1.88 Ga São Gabriel AMCG association in the southernmost Uatumã-Anauá Domain: Petrological implications for post-collisional A-type magmatism in the Amazonian Craton

In the southernmost Uatumã-Anauá Domain, central Amazonian craton (Brazil), crop out 1.98 Ga basement inliers represented by (meta)leucosyenogranites and amphibolites (Igarapé Canoas Suite), 1.90-1.89 Ga high-K calc-alkaline granitoids (Água Branca Suite), a 1.88-1.87 Ga alkali-calcic A-type volcano-plutonic system (Iricoumé-Mapuera), Tonian SiO2-satured alkaline granitoids, 1.45-1.25 Ga orthoderived metamorphic rocks (Jauaperi Complex) and Orosirian-Upper Triassic mafic intrusions. New data on petrography, multielementar geochemistry, in situ zircon U-Pb ages and Nd and Hf isotopes of alkali-calcic A-type granites (São Gabriel Granite, Mapuera Suite) and related rocks are indicative of a 1.89-1.87 Ga volcano-plutonic system integrated to the São Gabriel AMCG association. Its magmatic evolution was controlled by the fractional crystallization combined with magma mixing and cumulation processes. Nd isotope values (εNdt values = − 3.71 to + 0.51 and Nd TDM model age = 2.44 to 2.12 Ga) and U-Pb inherited zircon crystals (2115 ± 22 Ma; 2206 ± 21 Ma; 2377 ± 17 Ma, 2385 ± 17 Ma) of the São Gabriel system indicate a large participation of Siderian-Rhyacian crust (granite-greenstones and granulites) and small contribution of Rhyacian mantelic magma. εHft values (+ 5.2 to − 5.8) and Hf TDM ages (3.27-2.14 Ga) also point to contribution of Paleoarchean-Rhyacian crustal melts and small participation of Siderian-Rhyacian mantle melts. Residual melts from the lower crust have been mixed with basaltic melts generated by partial melting of the subcontinental lithospheric mantle (peridotite) in a post-collisional setting at 1.89-1.87 Ga.
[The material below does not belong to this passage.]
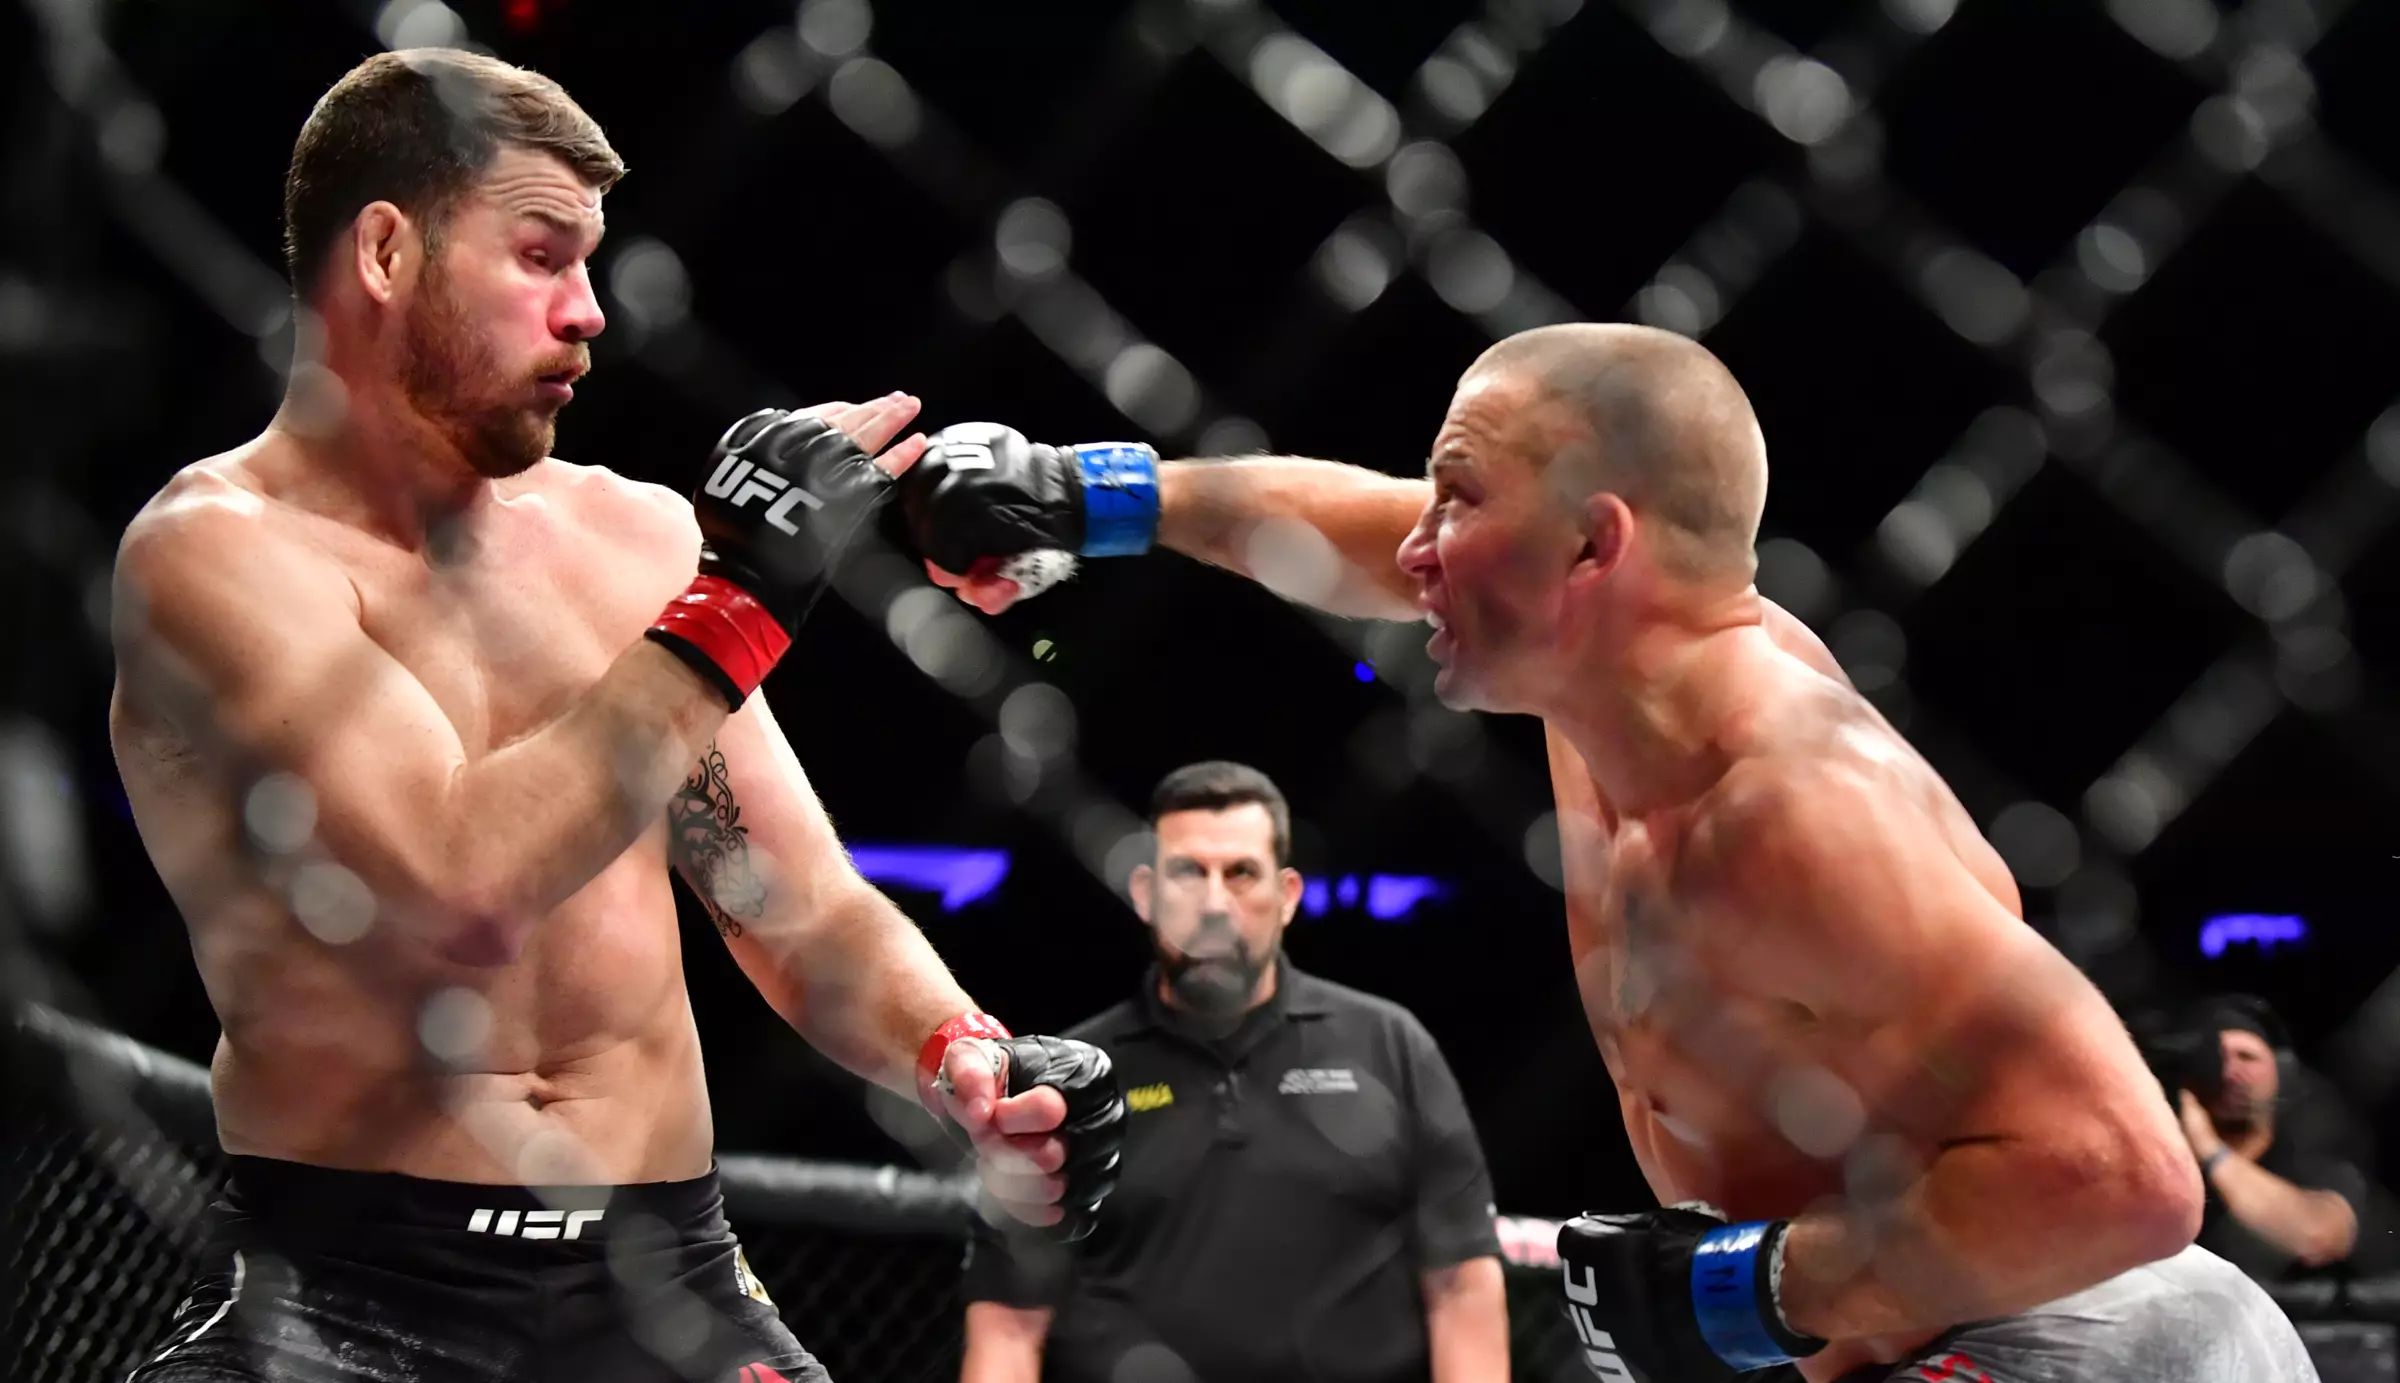 Michael Bisping (in red) up against George St-Pierre in 2017.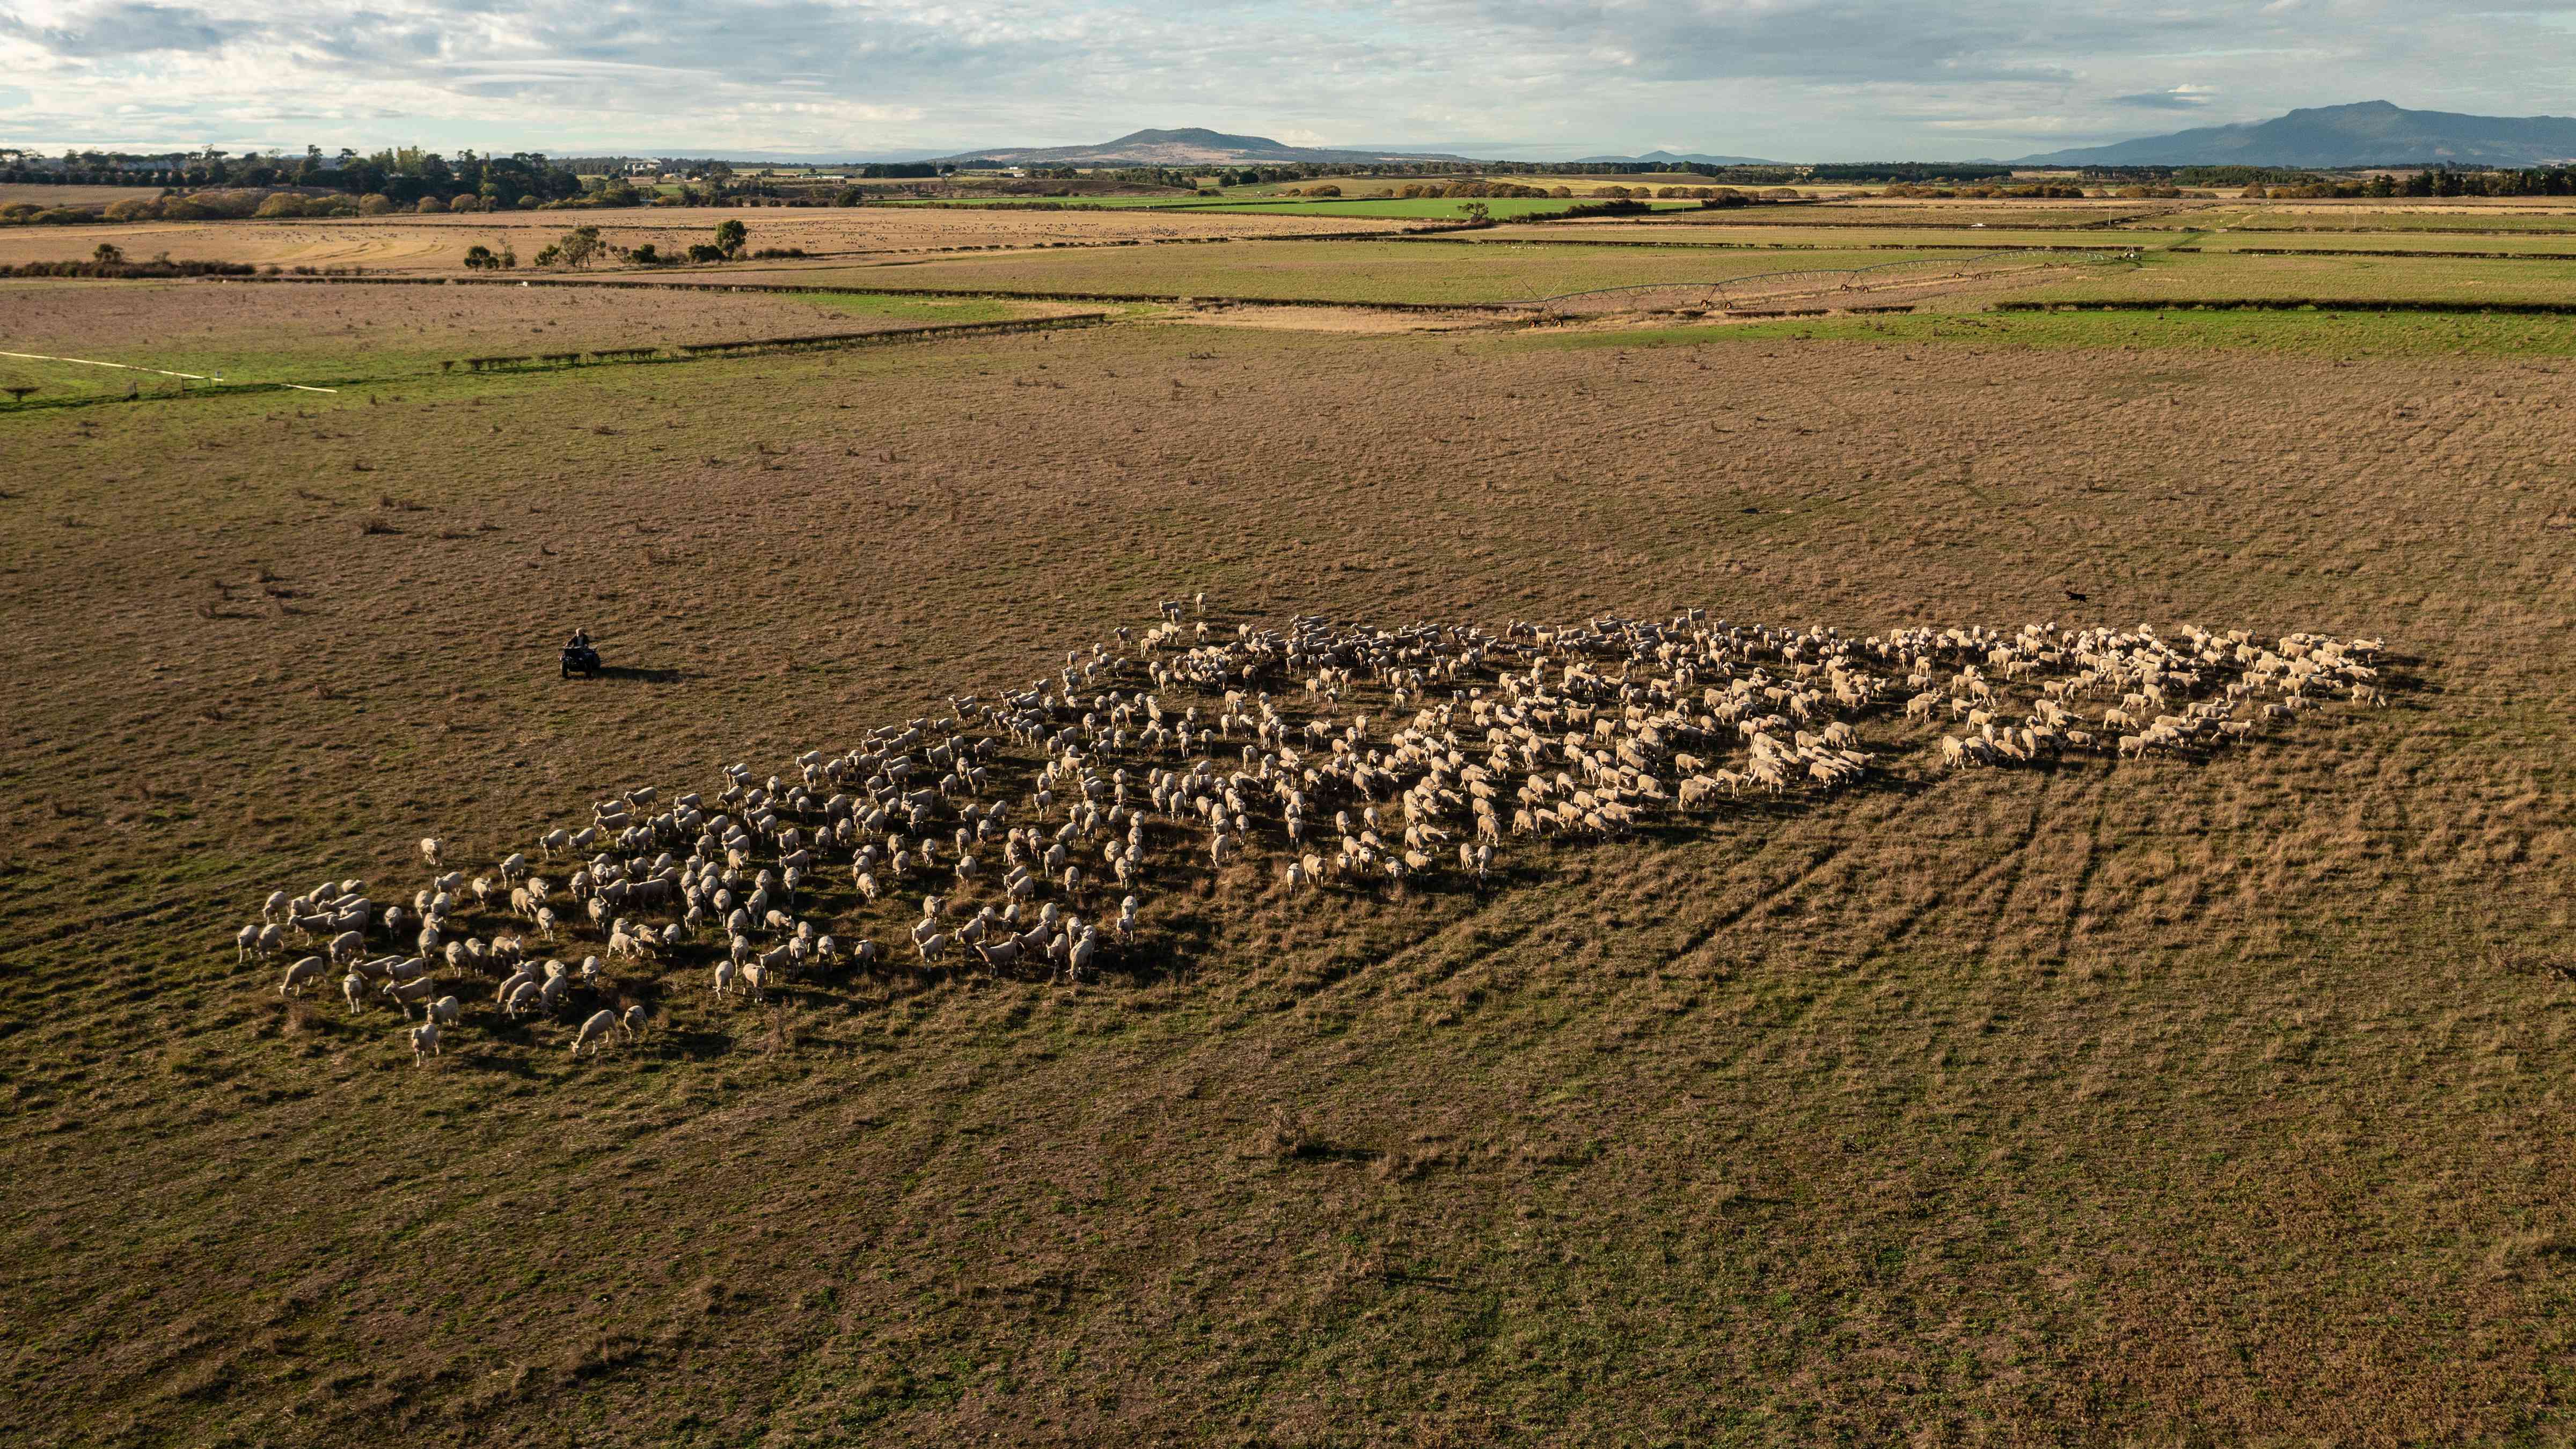 Close aerial shot of Brickendon field with a flock of sheep in the middle and a person riding a four wheel motor bike to the left of the sheep. Photo: Kate von Stieglitz / Tourism Australia.

The mafic melts of such a mixture could have been originated through partial melting of residual ocean plate fragments (eclogites) which ascended onto a residual mantle wedge (hornblende peridotite) and melted it, resulting in modified basaltic magma which, by underplating, led heat to the anatexis of the lower continental crust. This widespread alkali-calcic A-type magmatism was caused by destabilization and magmatic reactivation in the Ventuari-Tapajós and Central Amazonian Provinces, resulting from the Ventuari-Tapajós collision periods. Younger igneous reactivations have been registered at 1.45 to 1.25 Ga, ~ 1.0 Ga and ~ 100 Ma, culminating with the production of mafic and felsic alkaline magmas, along of the northern border of the Amazon Basin.